=== What the task asks ===
Restate the whole of the data below word for word, skipping the images.

=== Data section ===

════════

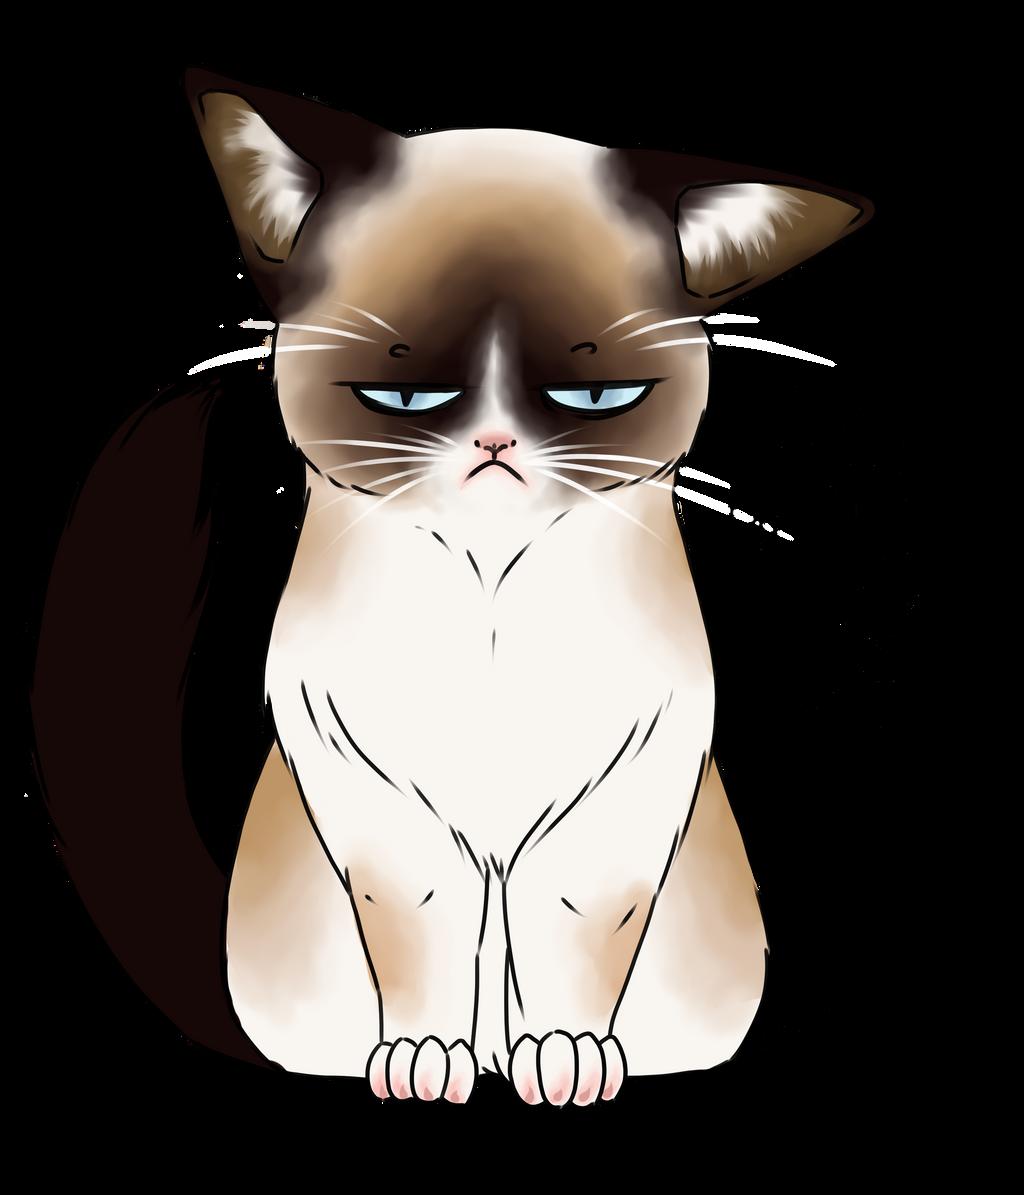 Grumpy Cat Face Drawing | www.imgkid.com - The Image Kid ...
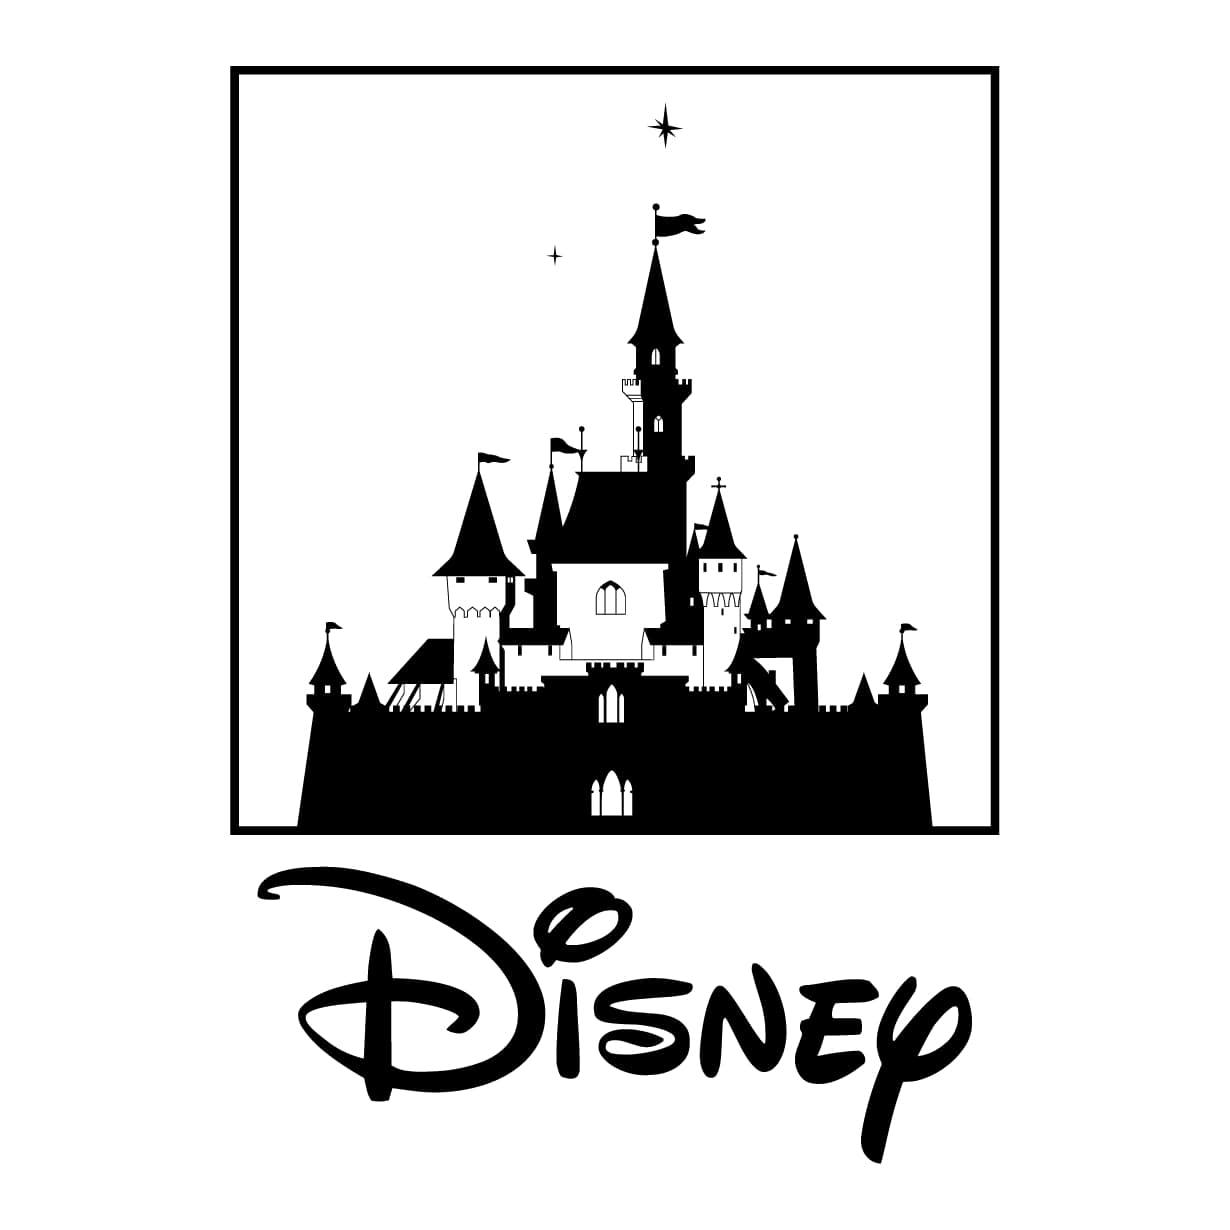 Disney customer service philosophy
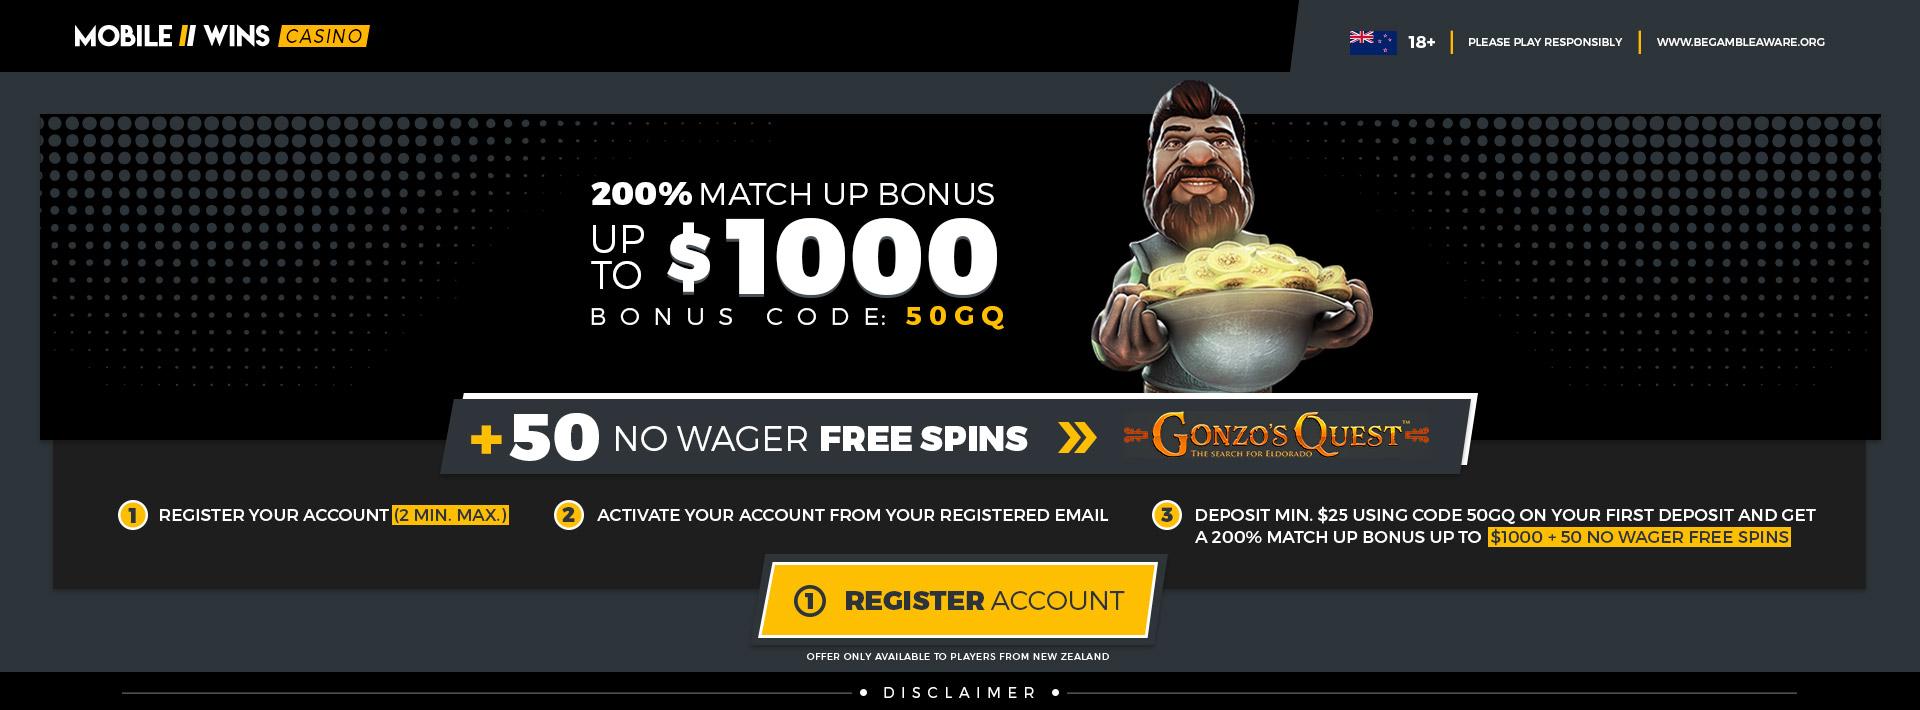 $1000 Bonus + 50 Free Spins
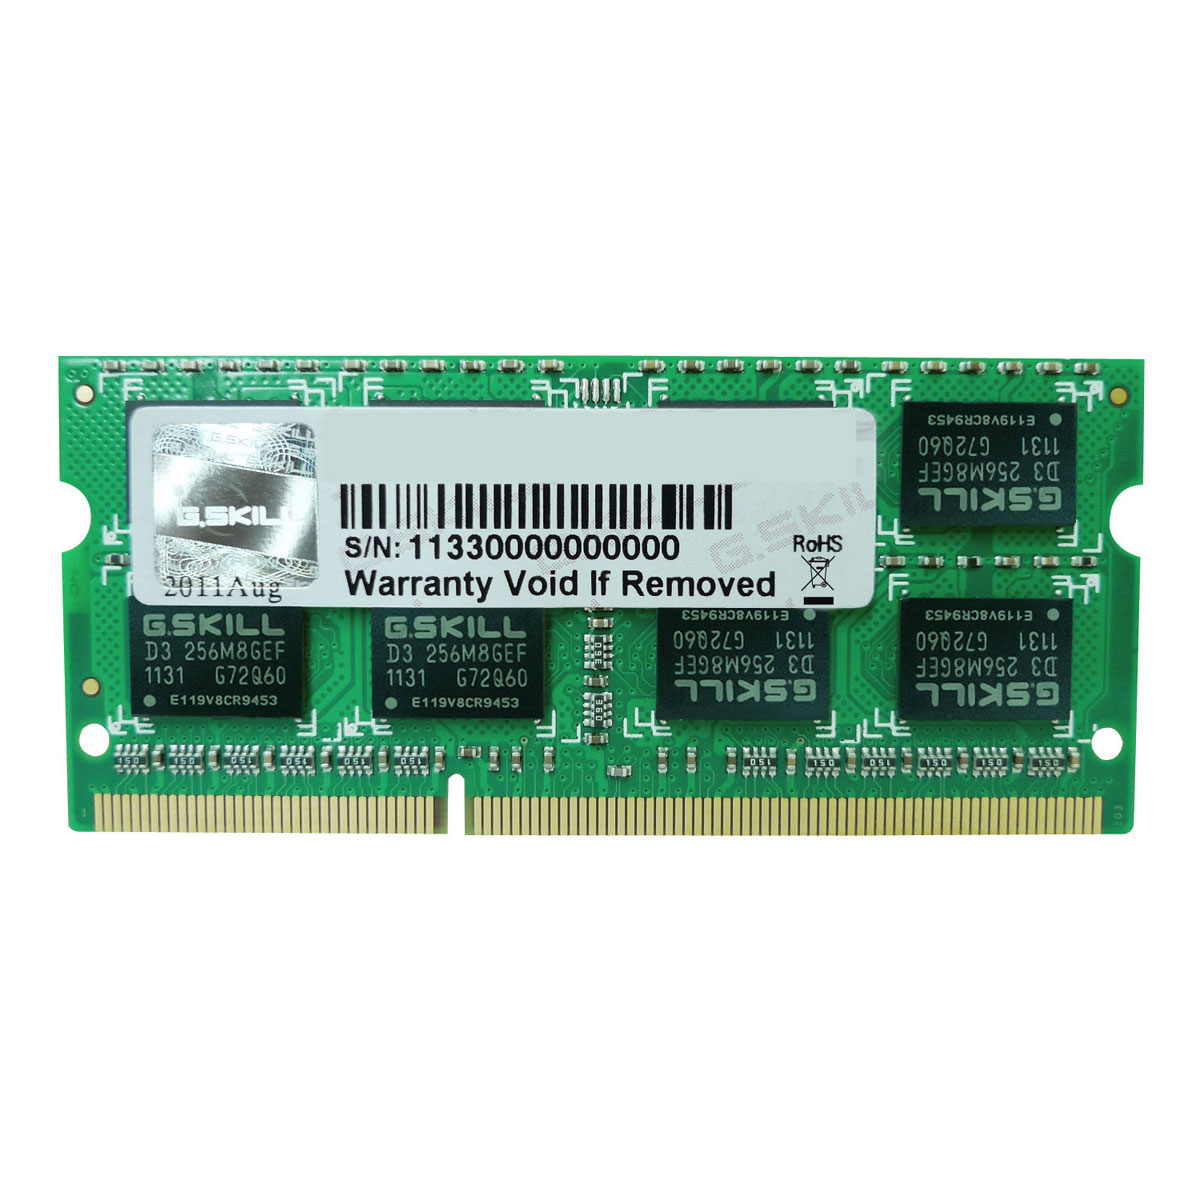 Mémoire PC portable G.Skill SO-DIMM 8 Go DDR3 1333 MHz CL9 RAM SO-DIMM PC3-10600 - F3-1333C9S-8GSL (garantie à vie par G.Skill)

════════

=== Response below ===
 Grumpy Cat Face Drawing | www.imgkid.com - The Image Kid ...
 Disney customer service philosophy
 $1000 Bonus + 50 Free Spins
 Mémoire PC portable G.Skill SO-DIMM 8 Go DDR3 1333 MHz CL9 RAM SO-DIMM PC3-10600 - F3-1333C9S-8GSL (garantie à vie par G.Skill)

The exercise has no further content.